**TASK REQUIREMENTS:** Your answer should consist only of the lines below from the one with "Massivmoebel24 Sofa Sofa" through the one with "Casio Analog Quartz", copied exactly.

**PROVIDED ENTRIES:**
——

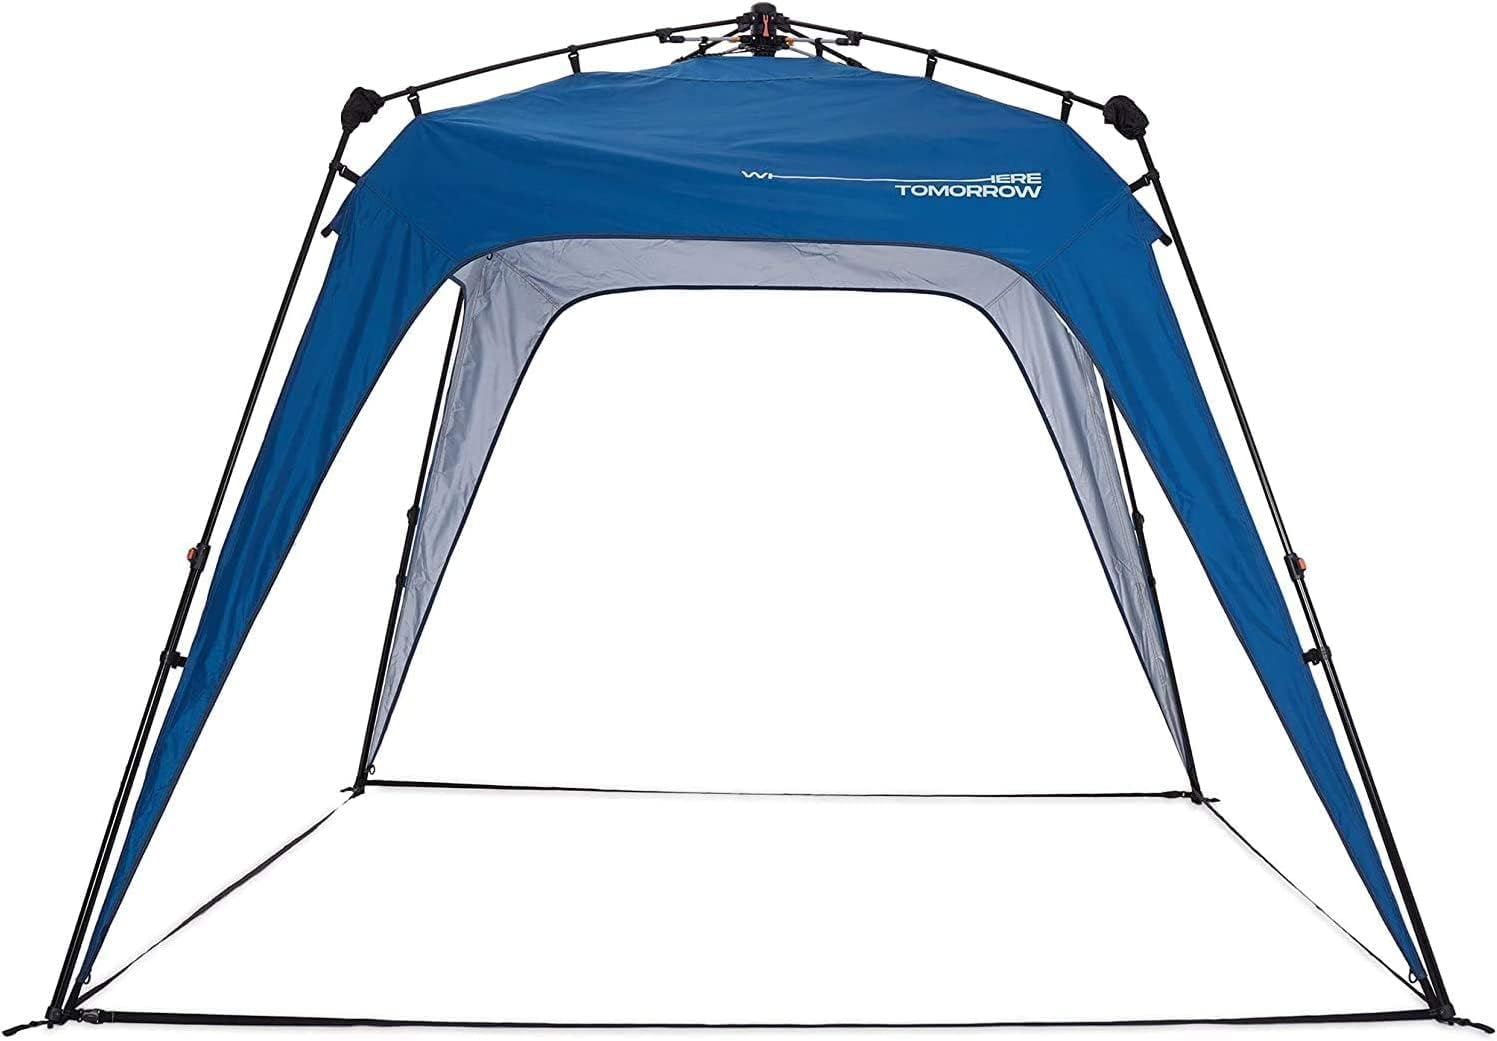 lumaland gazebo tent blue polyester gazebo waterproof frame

——

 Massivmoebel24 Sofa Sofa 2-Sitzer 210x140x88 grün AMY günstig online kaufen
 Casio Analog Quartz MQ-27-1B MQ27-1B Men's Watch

——

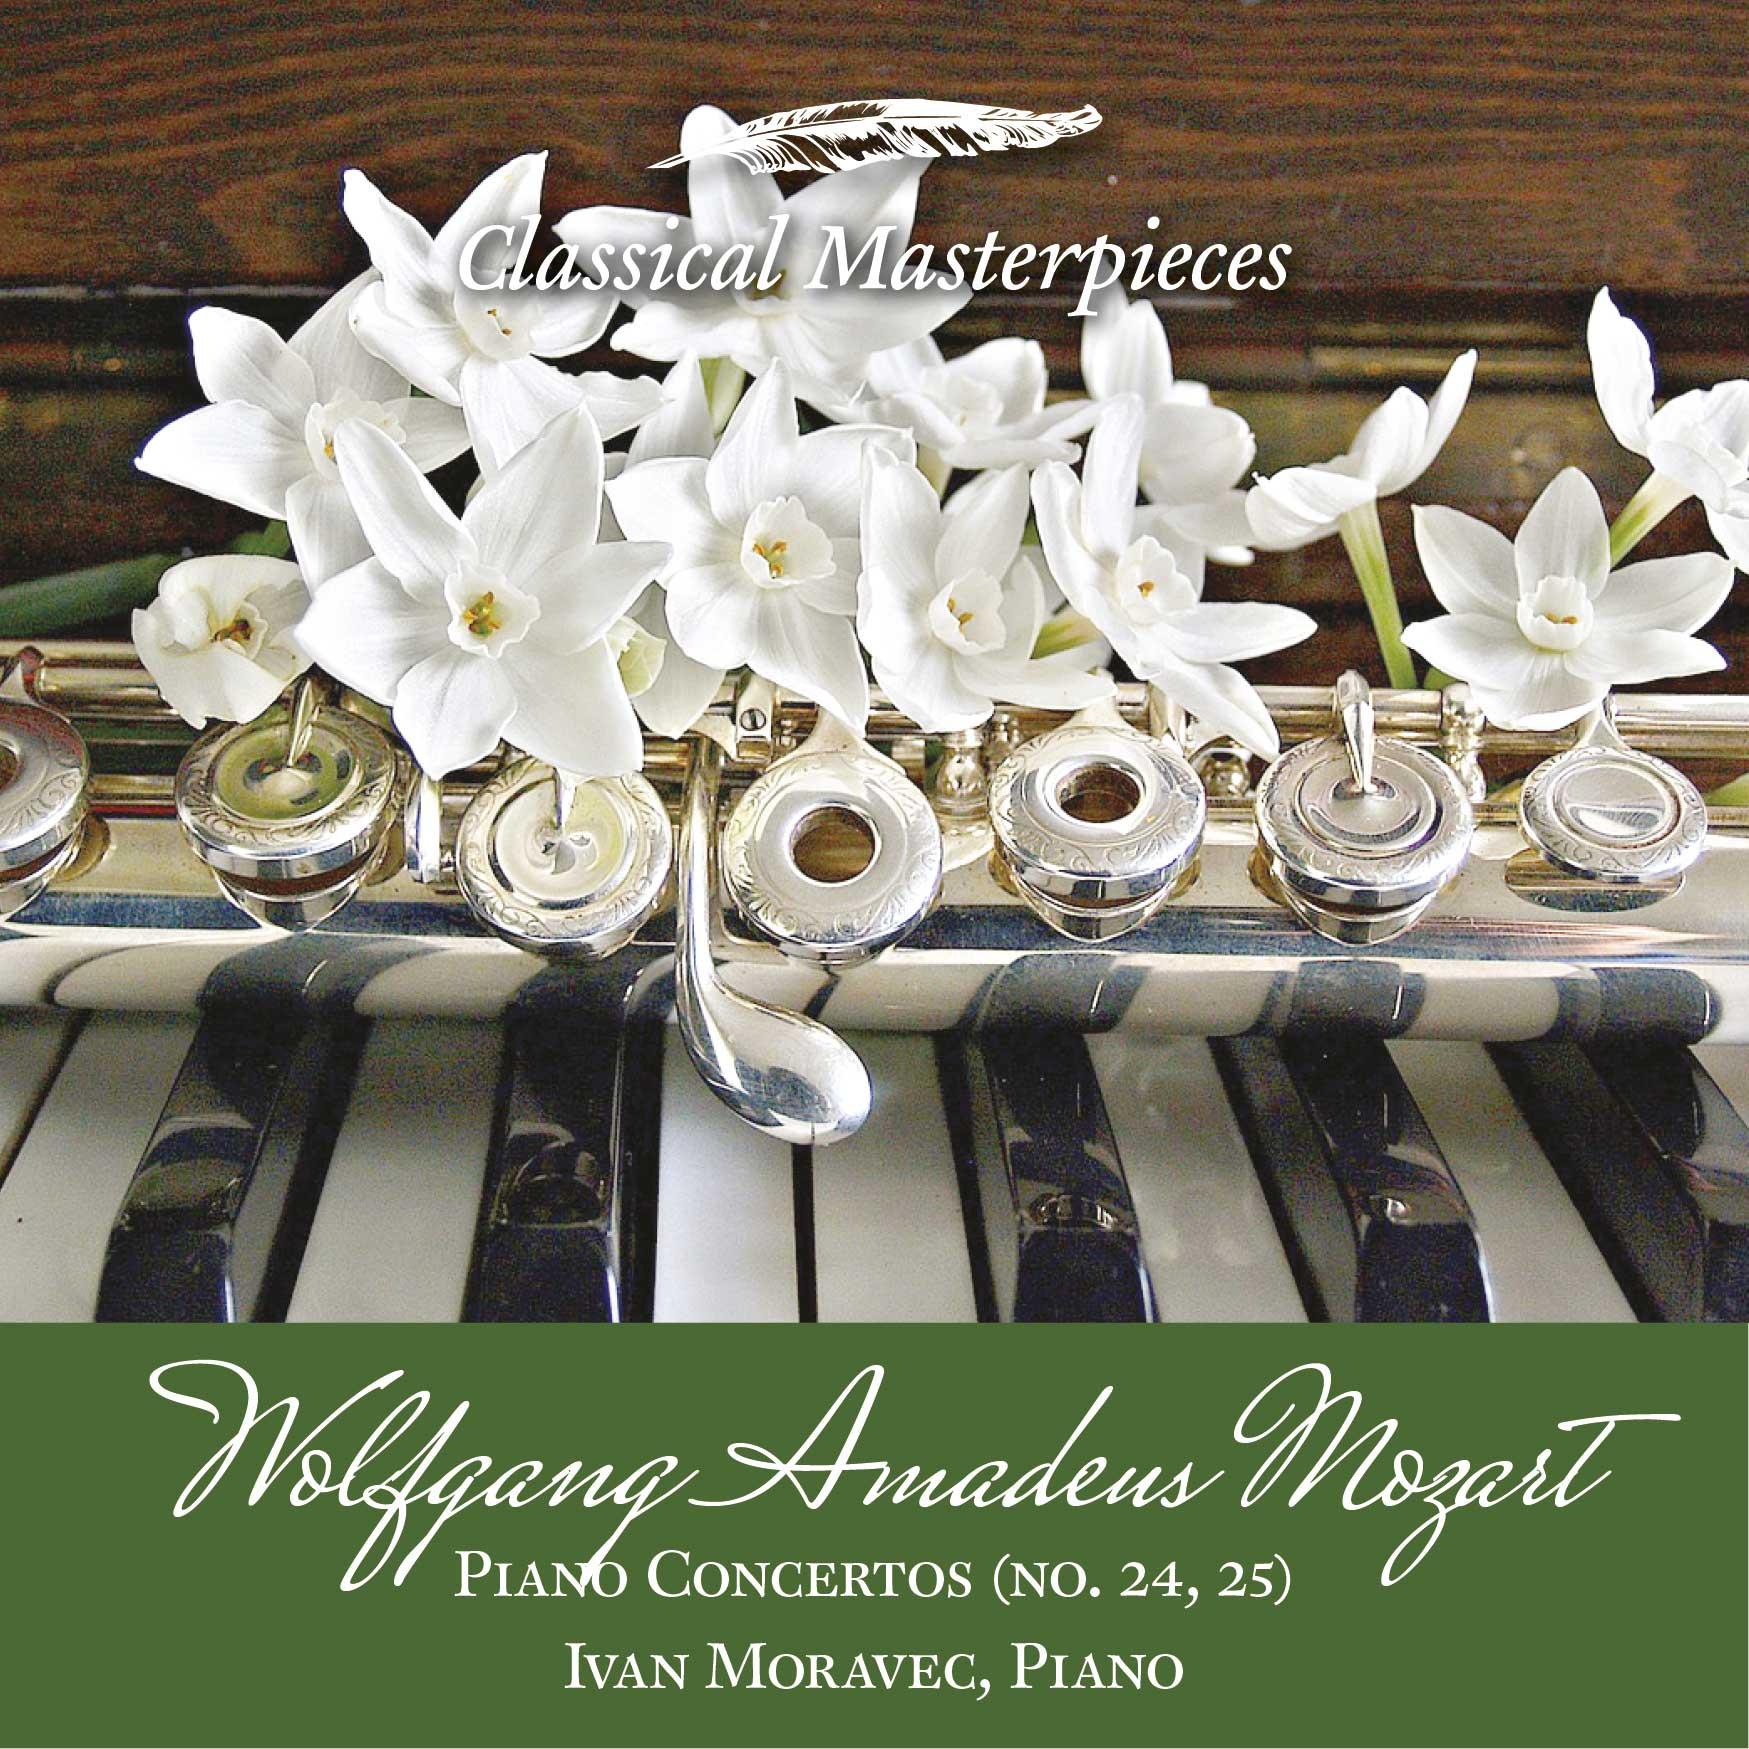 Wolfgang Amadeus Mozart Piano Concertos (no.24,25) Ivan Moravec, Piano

——

**WRITTEN RESPONSE:**
 Massivmoebel24 Sofa Sofa 2-Sitzer 210x140x88 grün AMY günstig online kaufen
 Casio Analog Quartz MQ-27-1B MQ27-1B Men's Watch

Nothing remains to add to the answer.